How to use Bollinger Bands
Bollinger Bands are a short-term trading tool that can help you decide when to make your move by assessing the relative strength or momentum of an investment.
This indicator looks like an envelope that forms an upper and lower band around the price. Between the 2 bands a moving average can be plotted—typically a short-term simple moving average (SMA).1 In addition to other signals, John Bollinger, who created this indicator, considers the price relatively low (attractive) if it is near the lower band and relatively high (overvalued) if it's near the upper band.
What the bands say about stocks now
Currently, the S&P 500 has moved from the lower part of the band to the middle. If stocks stay within the band, some traders might look for a buy signal if stocks cross above the moving average and the upper part of the band would become the new target. If stocks cross below the moving average, that would be a sell signal and the lower part of the band would become the new target.
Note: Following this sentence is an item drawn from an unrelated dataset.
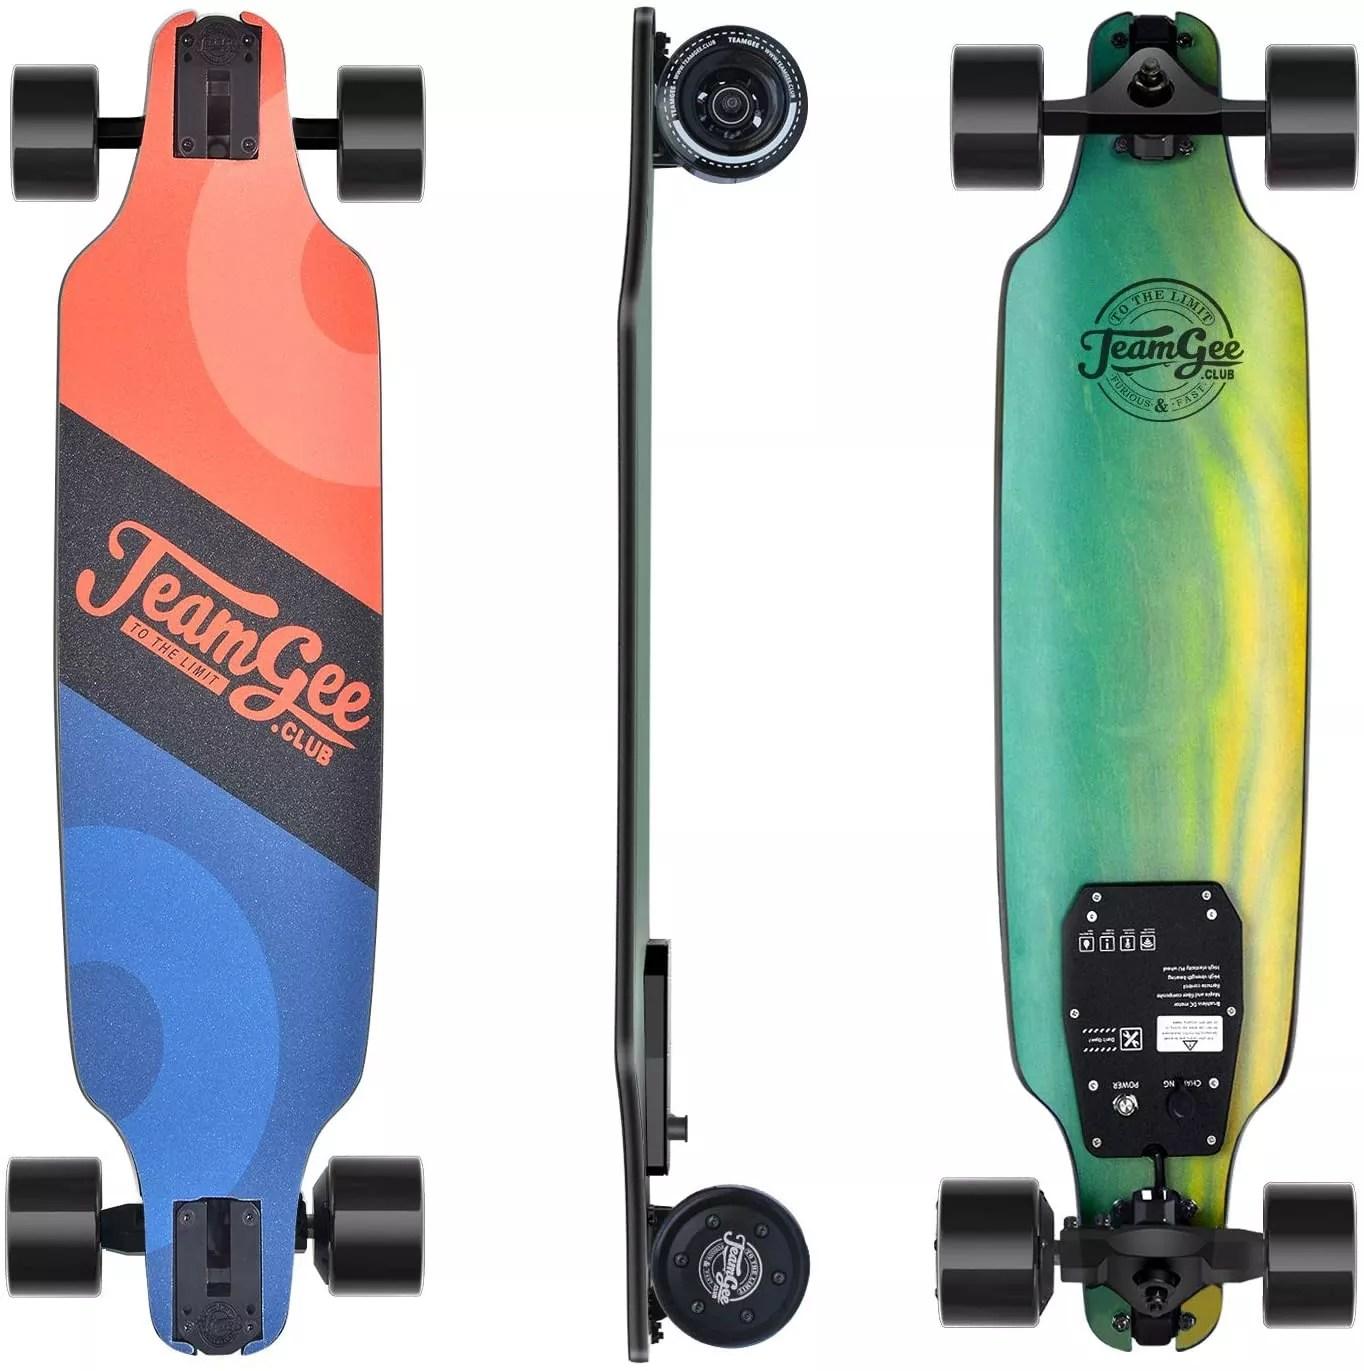 "Teamgee H8 31"" Electric Skateboard"

In addition to moves within the bands, price moves outside of the bands can generate signals. If the S&P 500 were to move lower and there is a breakthrough of the lower part of the band, that would generate a sell signal by breaking through a support level. Alternatively, if the S&P 500 were to rally and there is a breakthrough of the upper part of the band, that would generate a buy signal by breaking through a potential resistance level.
Volatility and Bollinger Bands
Bollinger Bands can also help assess volatility. Narrowing Bollinger Bands (i.e., when the bands move closer together) could suggest that volatility is decreasing—as investor sentiment potentially becomes more optimistic or complacent. A Bollinger Band "squeeze" occurs when volatility reaches a relative low. This squeeze can be followed by a period of increased volatility and may result in a significant move by the stock to the upside or the downside.
When the bands separate by a large amount, volatility may be seen as increasing and any existing trend may be ending. While Bollinger Bands for the S&P 500 have widened somewhat in recent months, it is not by an unusual amount, and thus the bands are not currently suggesting a strong move based on volatility.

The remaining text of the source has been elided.